Problem requirements
With images removed, return the whole listing exactly as written.

Given data
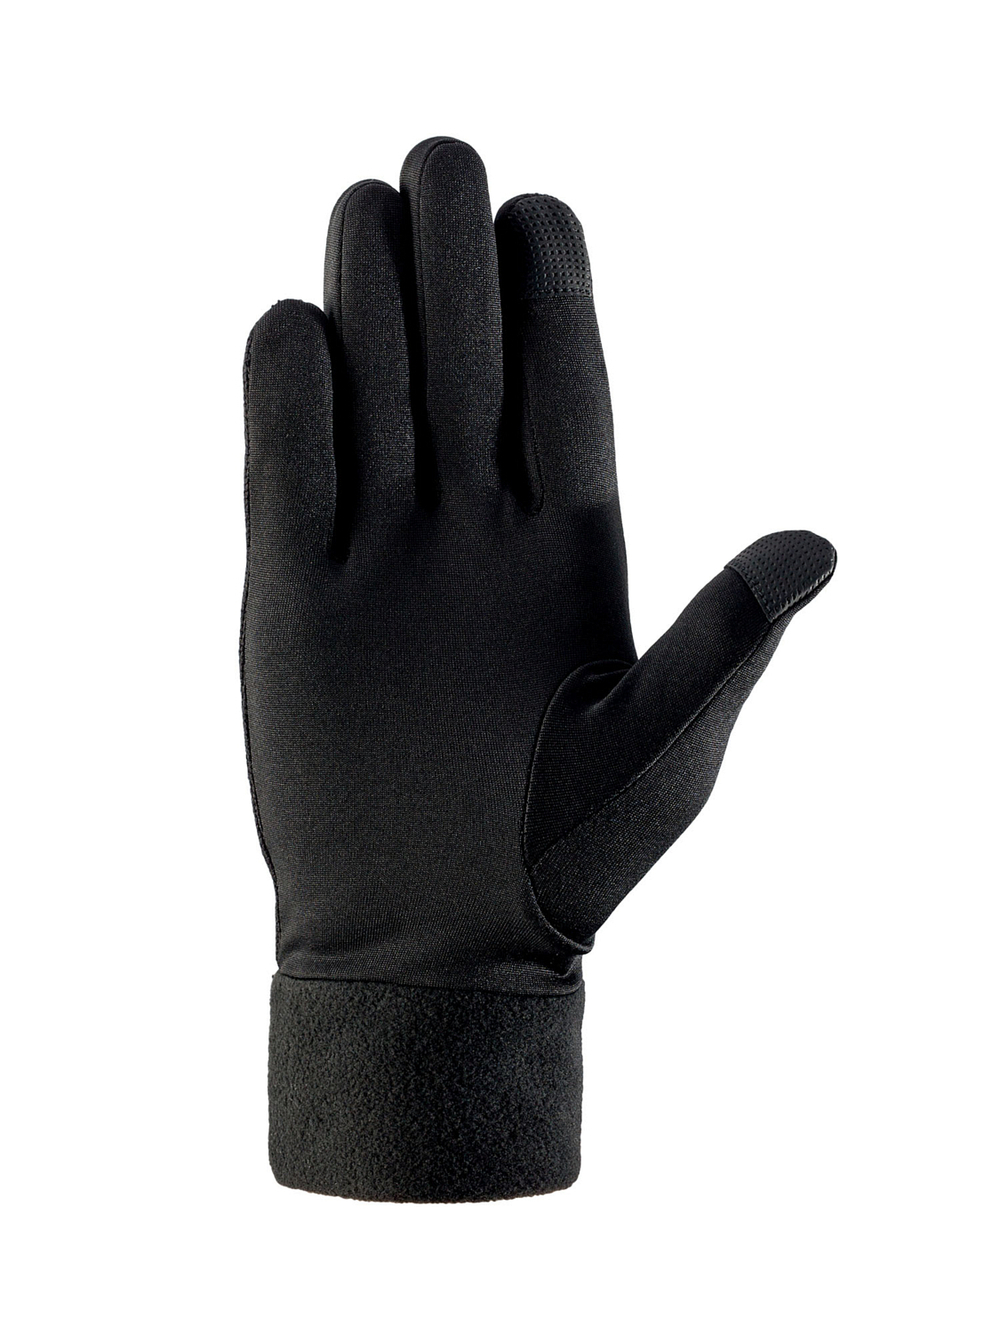 Перчатки VIKING Dramen Black (inch (дюйм):7)
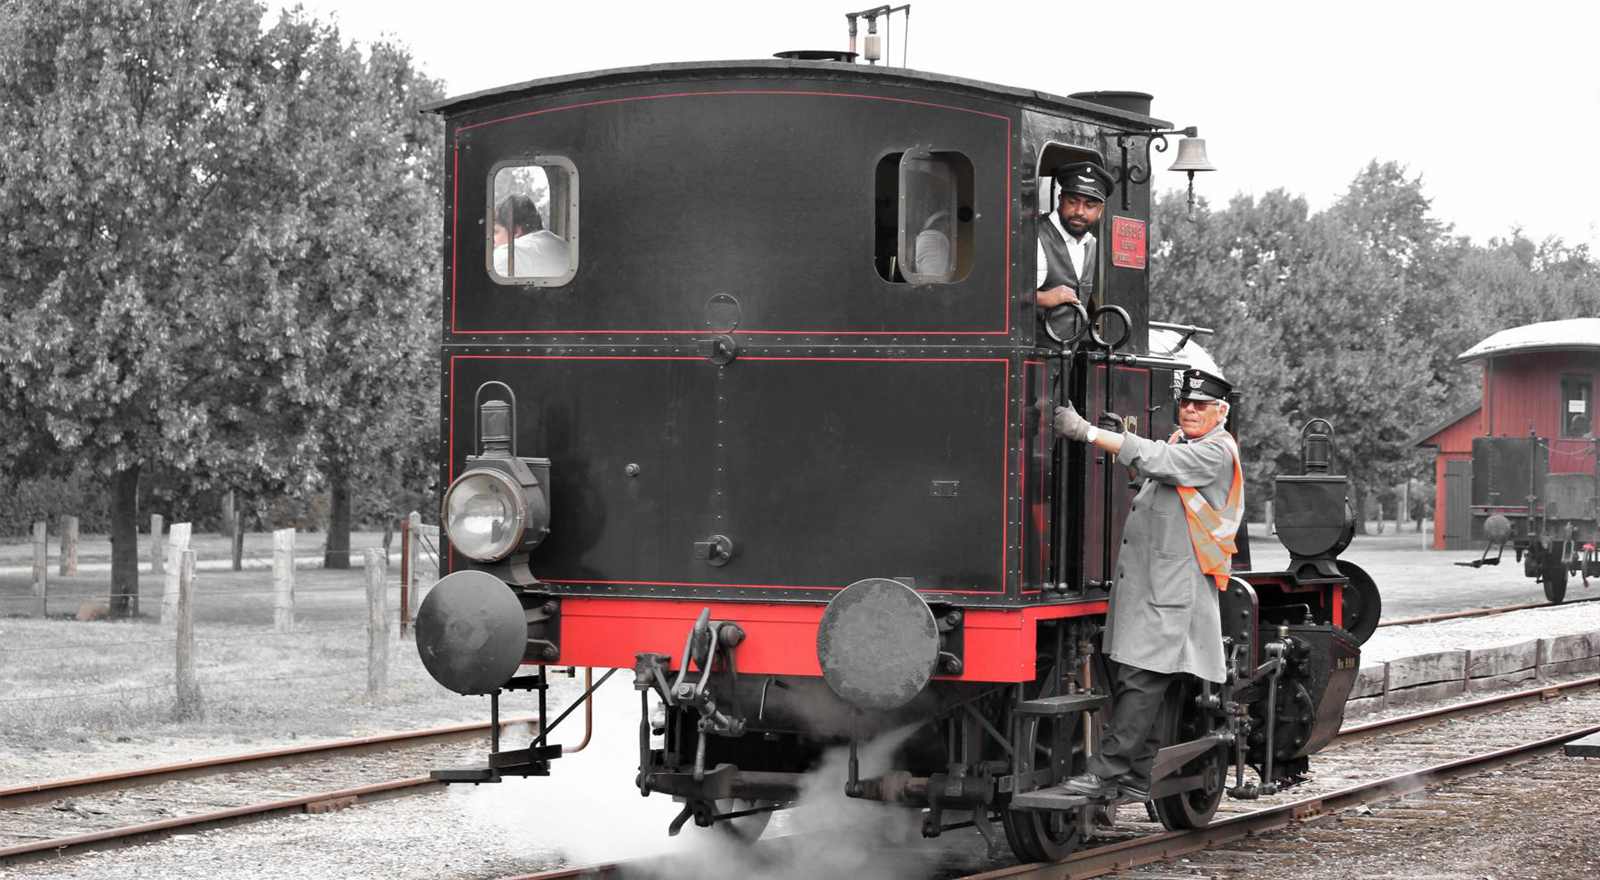 Kleine zweiachsige Dampflokomotive 17 mit der Fabriknummer 5200 beim Andocken.
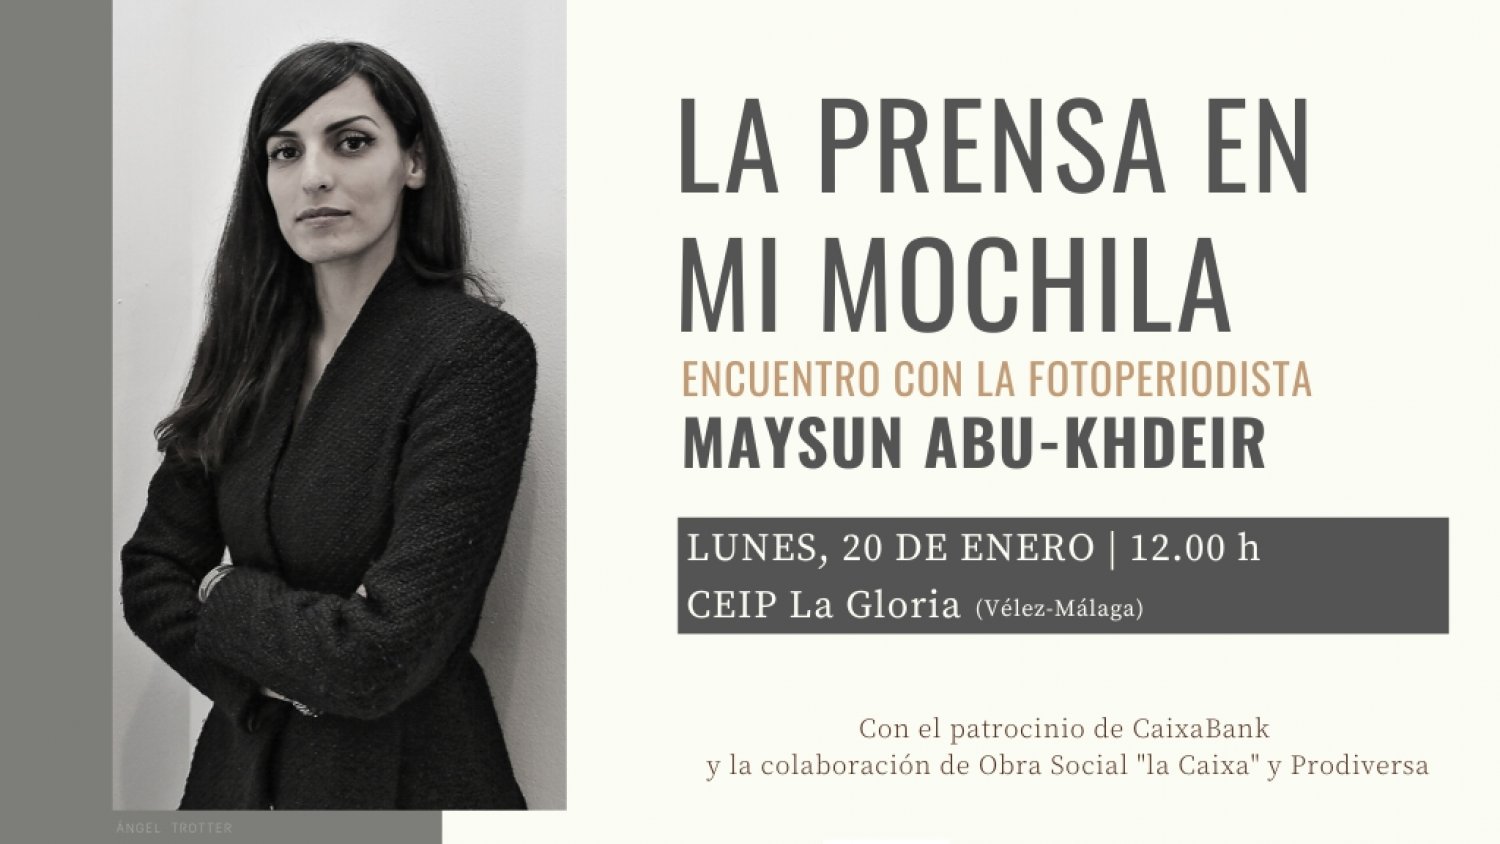 La fotoperiodista Maysun participará el 20 de enero en un encuentro con alumnos de Vélez-Málaga
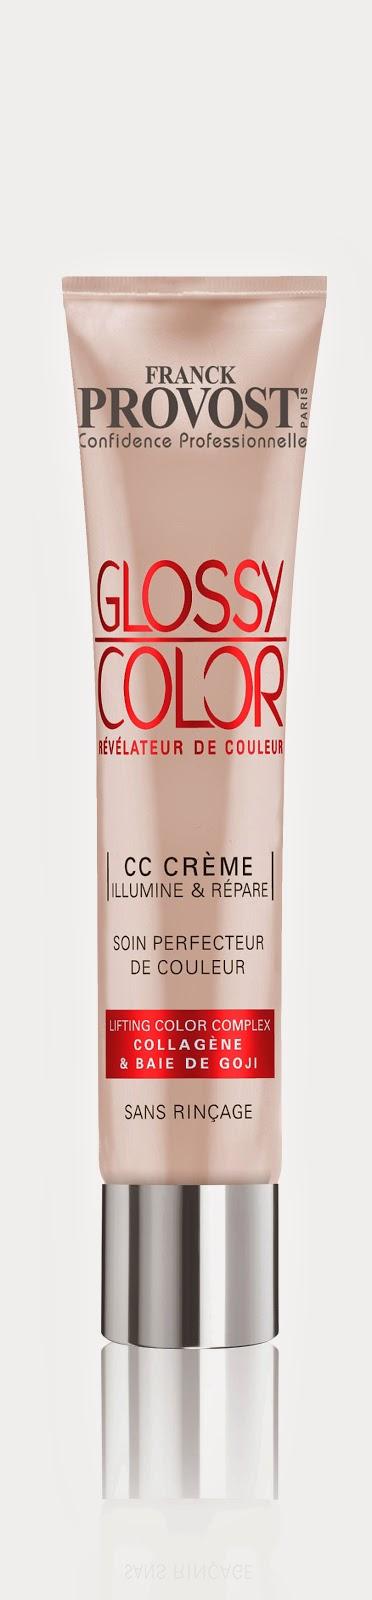 Indian Sun y Glossy Color CC Cream, las novedades de Franck Provost

Solution to this exercise
 Перчатки VIKING Dramen Black (inch (дюйм):7)
 Kleine zweiachsige Dampflokomotive 17 mit der Fabriknummer 5200 beim Andocken.
 La fotoperiodista Maysun participará el 20 de enero en un encuentro con alumnos de Vélez-Málaga
 Indian Sun y Glossy Color CC Cream, las novedades de Franck Provost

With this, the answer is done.